Comme tous les ultra-riches qui se piquent de vouloir influer sur les affaires du monde, le milliardaire américain d’origine hongroise, Georges Soros s’est attiré bien des inimitiés et suscite moult controverses. Né en 1930 dans une famille juive, il a 13 ans lorsque les chars de l’Allemagne nazie débarquent à Budapest et ne doit d’échapper à la déportation que grâce à la protection d’un employé du ministère de l’Agriculture qui le fait passer pour son filleul. Initié à l’esperanto par son père, qui avait choisi en 1936 de changer son nom de famille de « Schwartz » en « Soros », il parvient à quitter en 1947 la Hongrie, alors sous occupation soviétique, en profitant d’un congrès international d’esperanto et s’installe en Angleterre où il entreprend des études d’économie tout en passant un doctorat de philosophie et en pratiquant différents petits boulots alimentaires.

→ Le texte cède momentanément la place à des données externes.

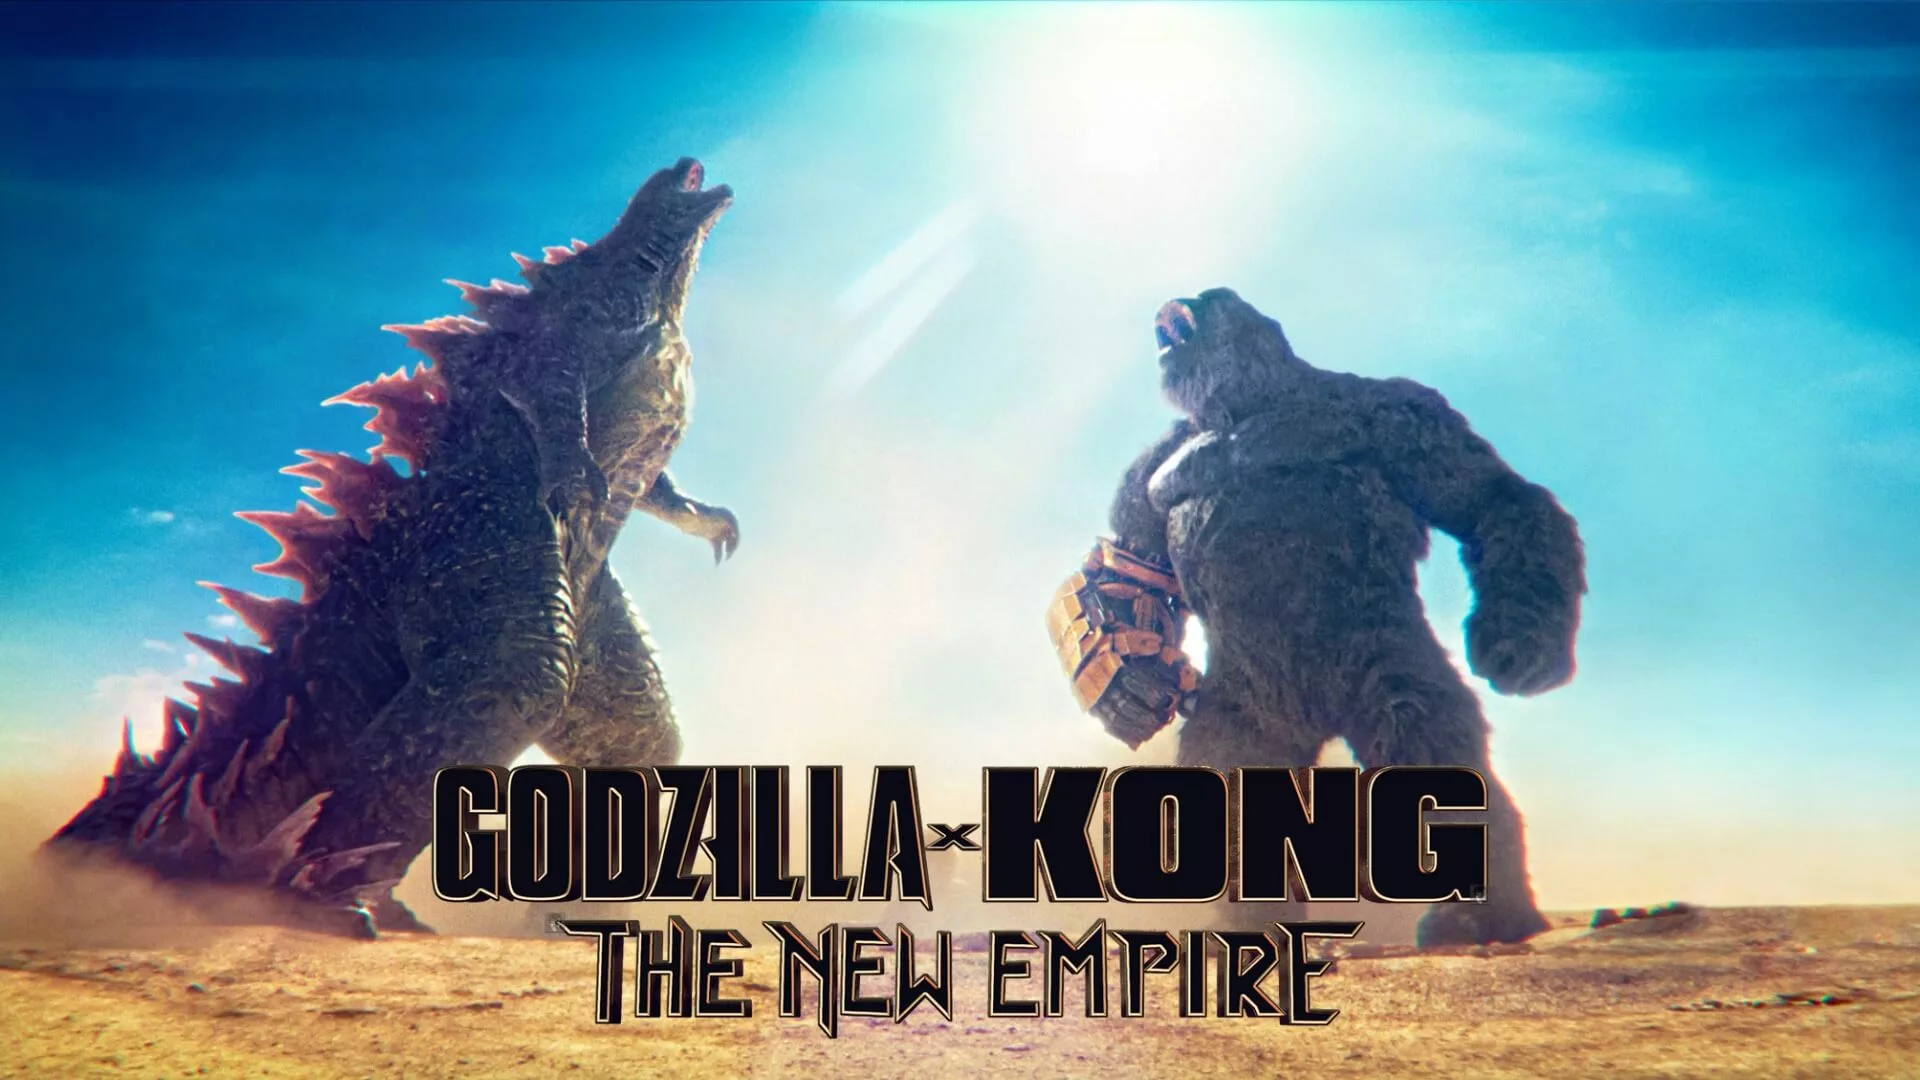 Warner invade Brasil com ações para promover “Godzilla e Kong: O Novo Império”

Georges Soros, lors d’une interview en 1995 par le journaliste américain Charlie Rose (capture d’écran © YouTube)

Il s’installe aux États-Unis en 1956 et s’y initie à la finance avant de fonder en 1969 son propre fonds offshore, modestement dénommé Quantum Fund of Founds, basé à Curaçao, dans les Antilles Néerlandaises. Il spécule d’abord sur les marchés obligataires, puis, à partir de 1973 sur les devises, suite à l’abandon du système de taux de change fixe. C’est ainsi qu’en septembre 1992 il vend plus de 10 milliards de dollars en livres sterling, anticipant la position du gouvernement britannique de se retirer du mécanisme de change européen et de dévaluer sa monnaie nationale que Soros jugeait avec raison largement surévaluée. Lorsque la livre est introduite sur le marché libre, le fond Quantum augmente quasi instantanément sa valeur de plus de 15 milliards de dollars : un joli coup pour un spéculateur que certains désignent dès lors comme « l’homme qui a cassé la Banque d’Angleterre »…

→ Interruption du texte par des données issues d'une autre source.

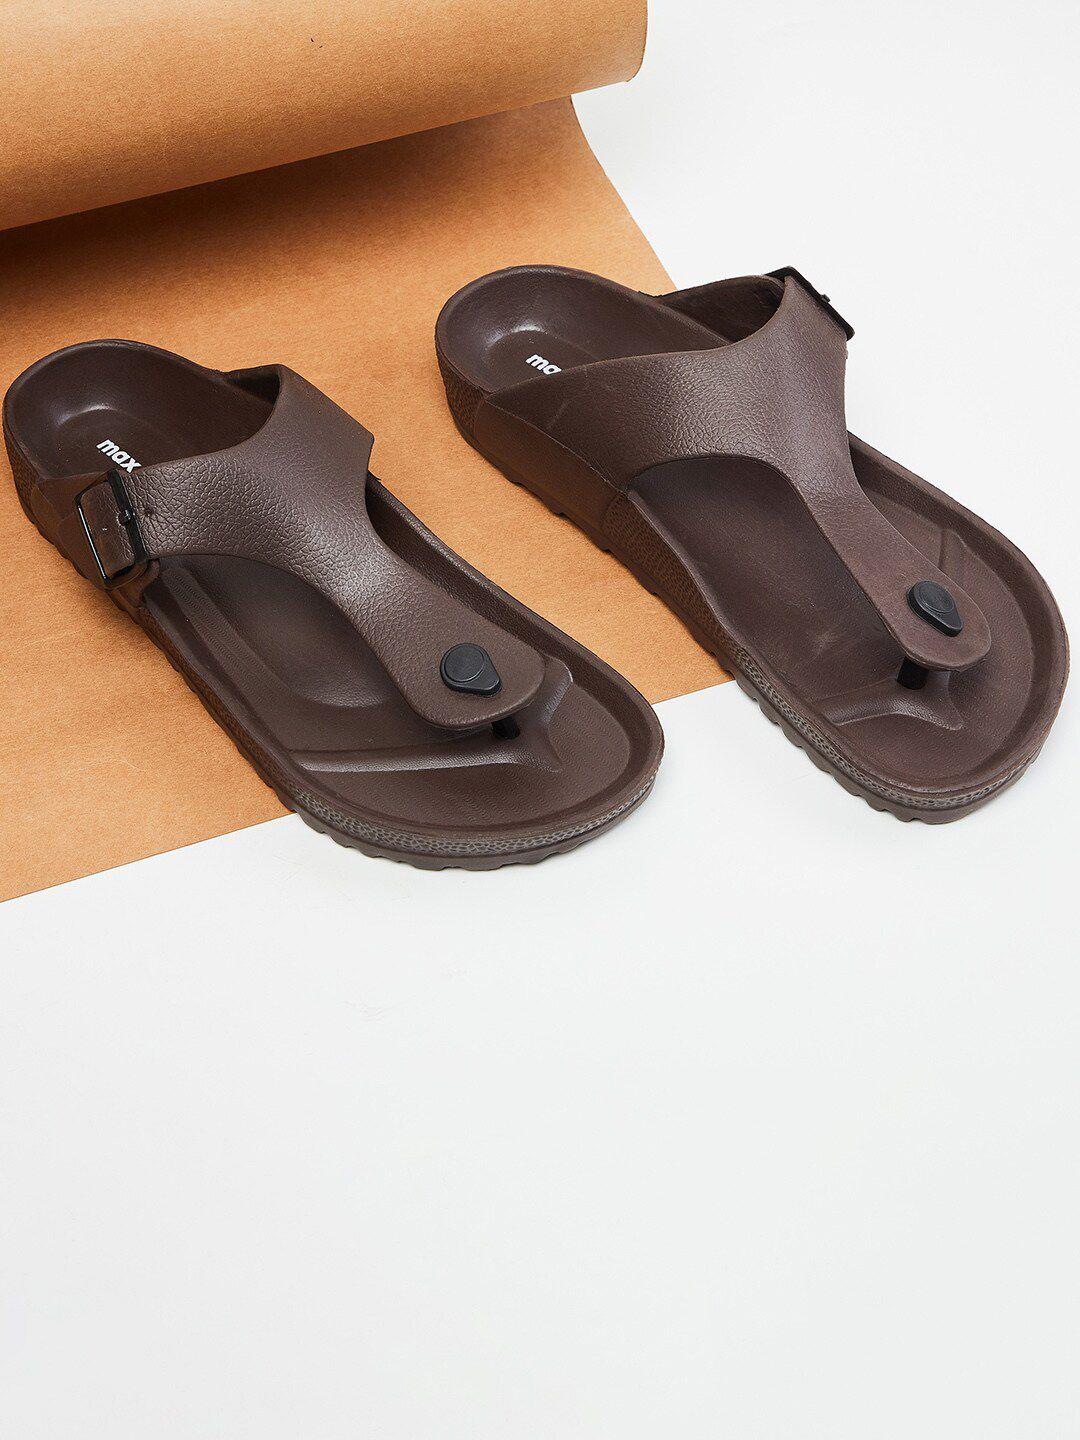 max-men-brown-comfort-sandals

Ardent partisan du parti démocrate, il investit en 2004 des millions de dollars pour empêcher, en vain, la réélection de Georges W. Bush. Et en 2016 il soutient de toutes ses forces la candidature d’Hillary Clinton pour s’opposer à l’arrivée au pouvoir de Donald Trump. Persuadé que celle-ci se traduira par une forte chute des indices boursiers américains, il spécule dans ce sens et perd près de 1 milliard de dollars dans l’opération !

Georges Soros mettant en garde l’Europe, lors du forum économique de Bruxelles en juin 2017, contre un danger existentiel lié au « dysfonctionnement des institutions, aux politiques d’austérité récurrentes et aux traités obsolètes » (photo © Commission européenne)

En 2017, alors que sa fortune personnelle est estimée à environ 25 milliards de dollars, il décide d’en transférer une large partie, à hauteur de 18 milliards, à sa propre fondation, un réseau intitulé Open Society Foundations (OSF), dans lequel il a déjà investi de l’ordre de 13 milliards de dollars en 30 ans  et qui devient alors la seconde ONG la plus richement dotée du monde, derrière celle de Bill Gates. Une opération spectaculaire, certes justifiée en partie par de sombres raisons d’optimisation fiscale, mais qui traduit une volonté incontestable du milliardaire américain de peser sur la vie politique mondiale, au-delà de la simple spéculation financière.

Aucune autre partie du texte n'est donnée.